Микроскопия с принудительным подавлением спонтанного излучения (STED - Stimulated-Emission Depletion) использует нелинейность стимулированного излучения для получения оптического сверхразрешения (Hell & Wichmann, 1994). Флуоресценция, возбуждаемая лазерным лучом в сканирующем микроскопе, истощается за счет стимулированного излучения, индуцированного вторым (STED) лазерным лучом. Волновым фронтом пучка STED управляют для получения дифракционной картины, которая имеет либо форму бублика, лежащего в плоскости x-y, либо форму гантели, ориентированную вдоль оси z. Флуоресценция остается не истощенной в центральной части луча в виде пончика или гантели. Поскольку вынужденное излучение сильно нелинейно, неиспользованный объем может быть значительно меньше, чем функция рассеяния точки пучка возбуждения. Сканируя оба луча вместе, получают изображения с оптическим сверхвысоким разрешением.
Поскольку метод STED использует процедуру сканирования и импульсное возбуждение, комбинация с методом FLIM не представляет большой проблемы. Тот факт, что ранняя часть функции распада искажена неполным истощением флуоресценции, можно объяснить, исключив эту часть из анализа времени жизни.
Тем не менее, публикации о молекулярных FLIM-приложениях в STED микроскопии редки. Время жизни флуоресценции в основном используется в качестве параметра дискриминации для различных флуорофоров. Причина, вероятно, в том, что метод STED традиционно использует флуорофоры с максимальной квантовой эффективностью и высокой фотостабильностью. Эти флуорофоры имеют жесткую молекулярную структуру и, следовательно, не проявляют заметных изменений времени жизни в зависимости от молекулярной среды. Потенциальной проблемой в молекулярных применениях являются также дополнительные поглотители в клетках. Эти поглотители могут быть поражены подавляющим лазером. Благодаря высокой мощности они быстро фотообесцвечиваются, что напрямую ухудшает жизнеспособность клеток, либо, по крайней мере, вызывает окислительный стресс. Примерами являются изображения FRET, где лазер STED разрушает акцептор, или NAD(P)H FLIM, где он разрушает FAD. Тем не менее, могут быть полезны приложения, если только STED FLIM будет использоваться с флуорофорами средней квантовой эффективности.

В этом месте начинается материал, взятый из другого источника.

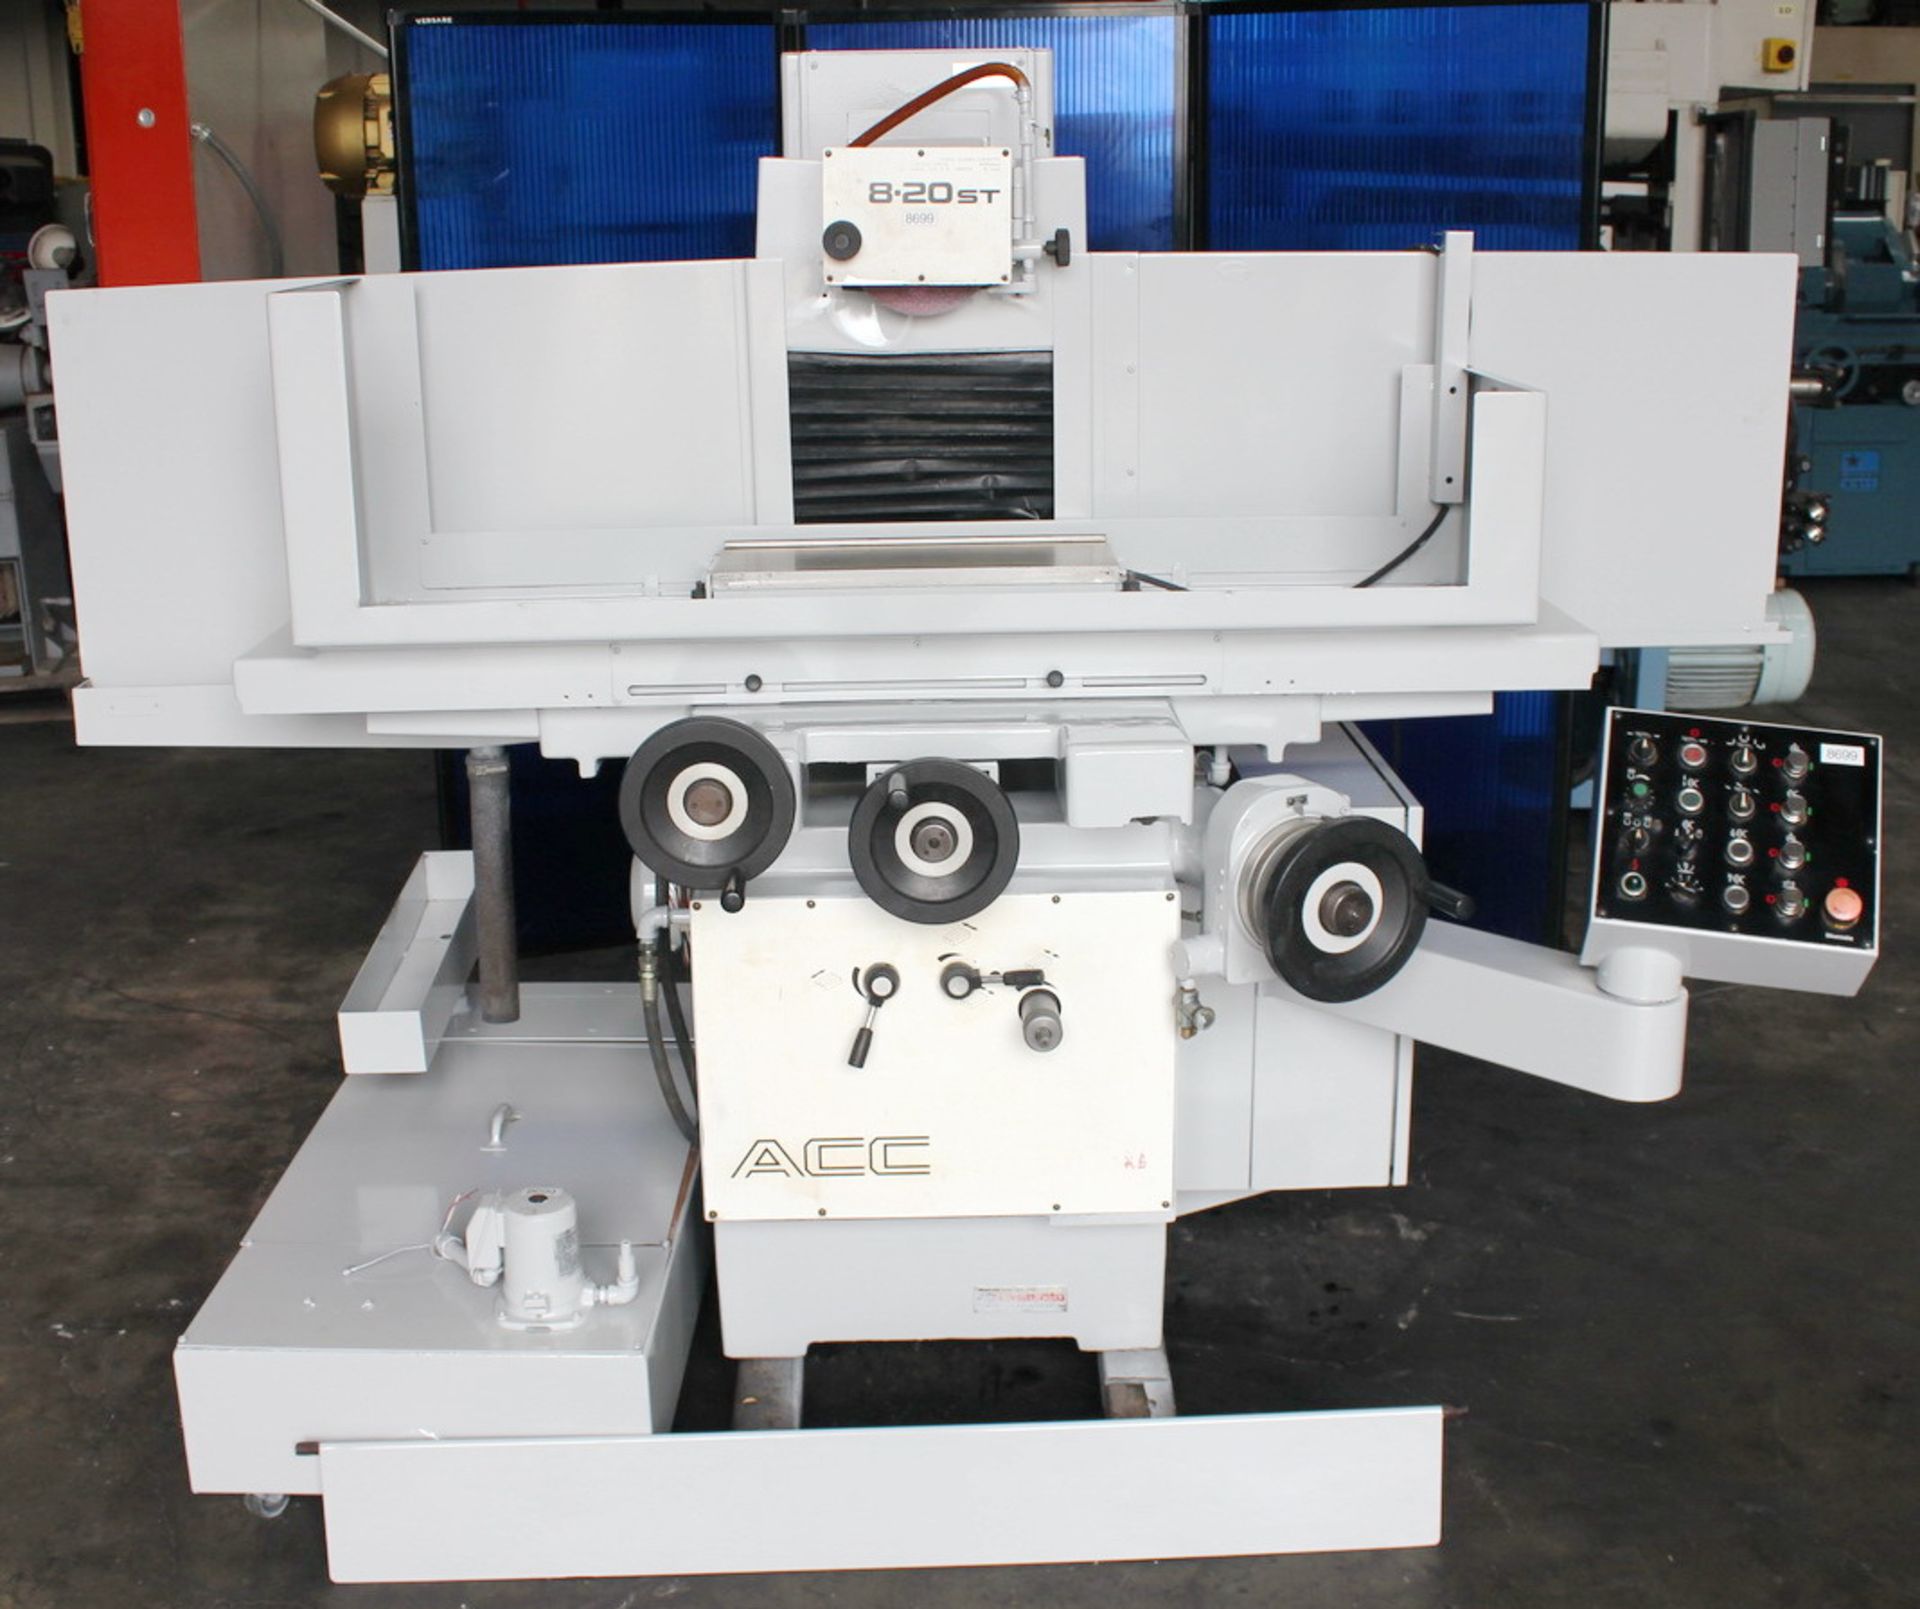 Okamoto Automatic Surface Grinder | 8" x 20", Mdl: ACC-8-20ST, S/N: 82041 - 8699HP

Изображение STED FLIM, записанное модулями счета фотонов SPС-150 с микроскопом Abberior STED (Abberior Instruments, Геттинген, Германия) показано на рисунке ниже.
Рис. 1. Микротрубочки в клетке с разрешением 25 нм. Изображение STED FLIM, записанное с помощью микроскопа Abberior STED и FLIM системы SPC‑150 Becker&Hickl. Изображение, созданное с помощью онлайн-функции SPCM. Формат FLIM 1024x1024 пикселей, 256 временных каналов.
Распад флуоресценции, извлеченный из данных, показанных выше, показан на следующем рисунке. Форма распада типична для метода STED. Существует начальный пик не истощенной флуоресценции от всего эйри диска лазера возбуждения, за которым следует функция затухания флуоресценции от молекул в «отверстии» диска истощения. Правильные параметры затухания флуоресценции получают путем подгонки только той части, где истощение завершено. Кроме того, контраст и разрешение можно улучшить, используя только флуоресценцию из истощенной части функции затухания. И то, и другое может быть достигнуто с помощью стандартных функций программного обеспечения для анализа SPCImage FLIM.
Рис. 2. Кривая затухания от выбранного пятна изображения STED FLIM. Интенсивность флуоресценции и время затухания флуоресценции были получены из временного интервала после пика не истощенной флуоресценции.